Instead of trying to make the View's rotation differ from the status bar. why dont we just control the rotation of UIStatusBar itself? or is that where iPadOS has the issue of ontrolling orientation of apps that supports split-screen multitasking.

JonB

@cvp you cannot monkey patch an objc object, without using the objc runtime (swizzleing). Monkey patching just affects calls in python -- when the system calls a selector it doesn't know anything about the python attribute.

There is a way to swizzle in objc, though as I recall, swizzling a single instance is tricky.

cvp

@stephen wow 🤔🤯🤕🤒

cvp

@JonB Thanks for your explanation.

stephen

@cvp said:

@stephen wow 🤔🤯🤕🤒

lol i just read what i put lol it sure is a bit of a mouth full 😂🤣

stephen

@JonB would you happen to know of any good tutorials/walkthroughs/guides i can checkout on objc_util..? im kinda grasping it but there just somthing missing for me to fully take her home...

stephen

😂 just found this while looking through my list of view controller members lol

attentionClassDumpUser_yesItsUsAgain_althoughSwizzlingAndOverridingPrivateMethodsIsFun_itWasntMuchFunWhenYourAppStoppedWorking_pleaseRefrainFromDoingSoInTheFutureOkayThanksBye_

about died

stephen

😓😴 im at a loss.. i tried:
- setInterfaceOrientation
- shouldAutorotateToInterfaceOrientation
- preferredInterfaceOrientationForPresentation
- viewControllerForRotation().setInterfaceOrientation_
- setModalPresentationStyle
- window_willRotateToInterfaceOrientation

the list goes on for a bit lol

ill get no errors but also nothing changes

JonB

Did you implement @mcriley821 's code, along with the alloc().init()? I haven't but mcriley says it works...

cvp

The gist in one of my posts used @mcriley821 's code.

The method works but not what @stephen wants.
Perhaps, the used ViewController is not the good one.

stephen

@JonB @cvp ya iv been mesing with it for just a min and i cant seem to get it to lock, force rotate or anything lol

cvp

@stephen you're right. I don't know how to do and that's the reason why I saidthat I let YOU go on 😅

stephen

@cvp said:

@stephen you're right. I don't know how to do and that's the reason why I saidthat I let YOU go on 😅

all good i even tried the one JonB mentioned and nothin

JonB

In that case the best option may be to implement a callback on the layout method to re-rotate the view. This could maybe be implemented with a simple Transform.rotate.

stephen

@JonB said:

In that case the best option may be to implement a callback on the layout method to re-rotate the view. This could maybe be implemented with a simple Transform.rotate.

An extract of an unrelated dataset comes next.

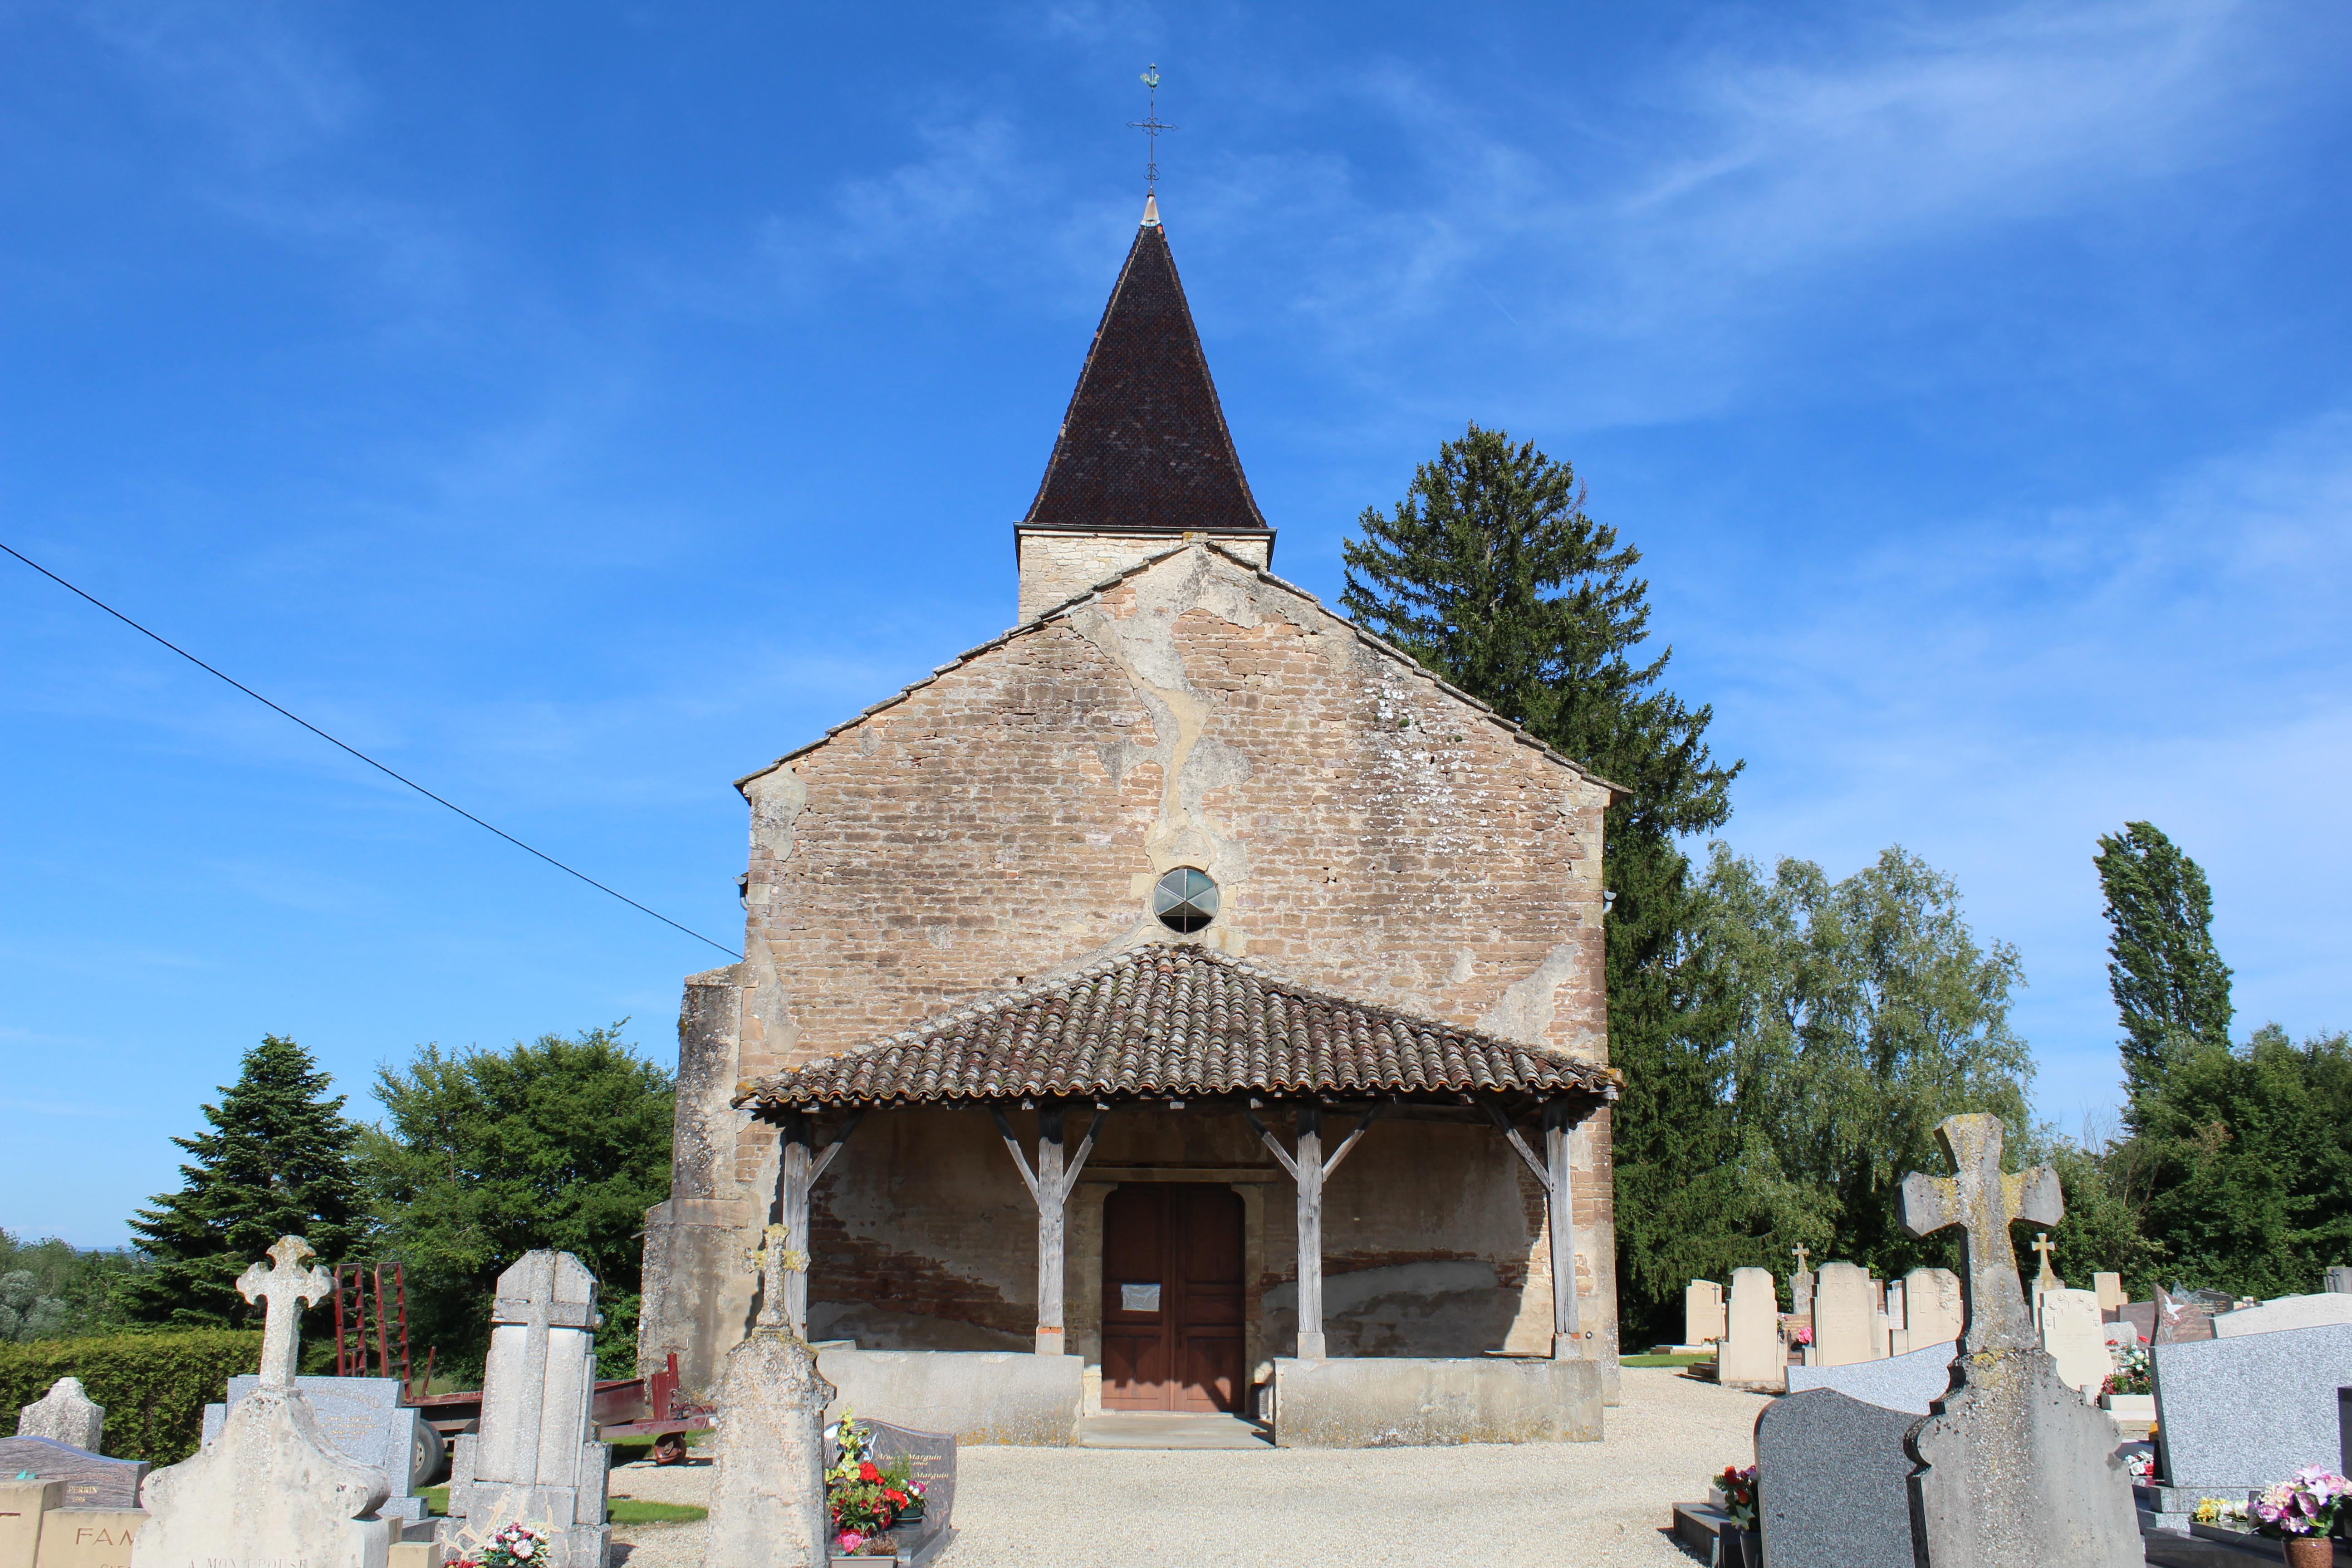 Saint-Étienne-sur-Reyssouze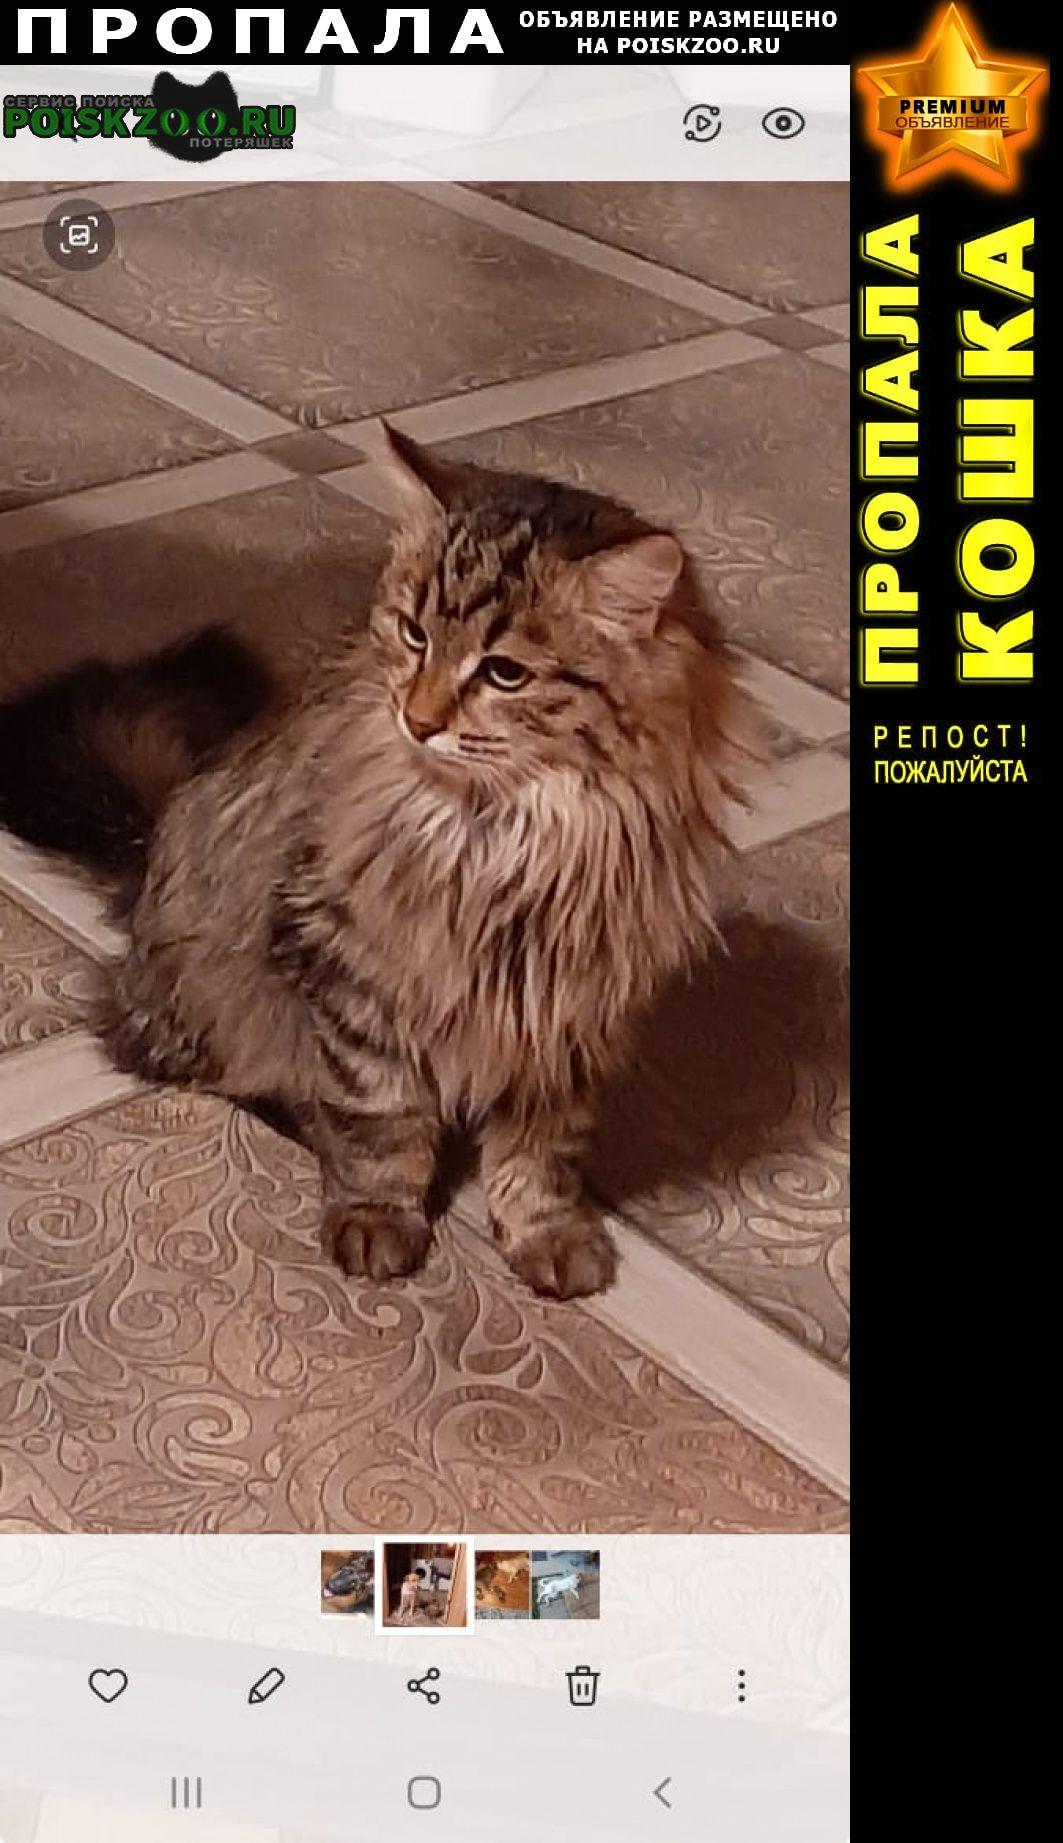 Чехов Пропала кошка дер красные орлы снт луч минэнерго

When I detect a rotation from ui.View. layout(self) from the resizing i can just rotate and resize my View object? only negative part is the status bar being in the wrong place? if so id say thats a good compromise lol

JonB

Im thinking:

Root view - uses flex, to detect layout.
-> rotated_view. Fixed size. Uses a Transform.rotation to back out the orientation.
-> everything else is a subview of rotated_view

You can get orientation with a bit of objc, or by using a 1 pixel webview and some JavaScript.

stephen

@JonB

to get orientation if always did:

def Orientation():
    return PORTRAIT if get_screen_size()[0] < get_screen_size()[1] else LANDSCAPE

JonB

If you want to be able to detect upside down landscape etc, versus just screen size, you'd have to use objc, or a webview and some JavaScript to get the viewport rotation.

In objc,, you can get the view controller, then use
[UIViewController interfaceOrientation]

Or,

[[UIDevice currentDevice] orientation]

Or, I believe there is something that grabs the status bar orientation.

stephen

@JonB

awesome thank you! this objc_util stuff is interesting.. lol im starting to get the hang of it. i do want to askmone thing though..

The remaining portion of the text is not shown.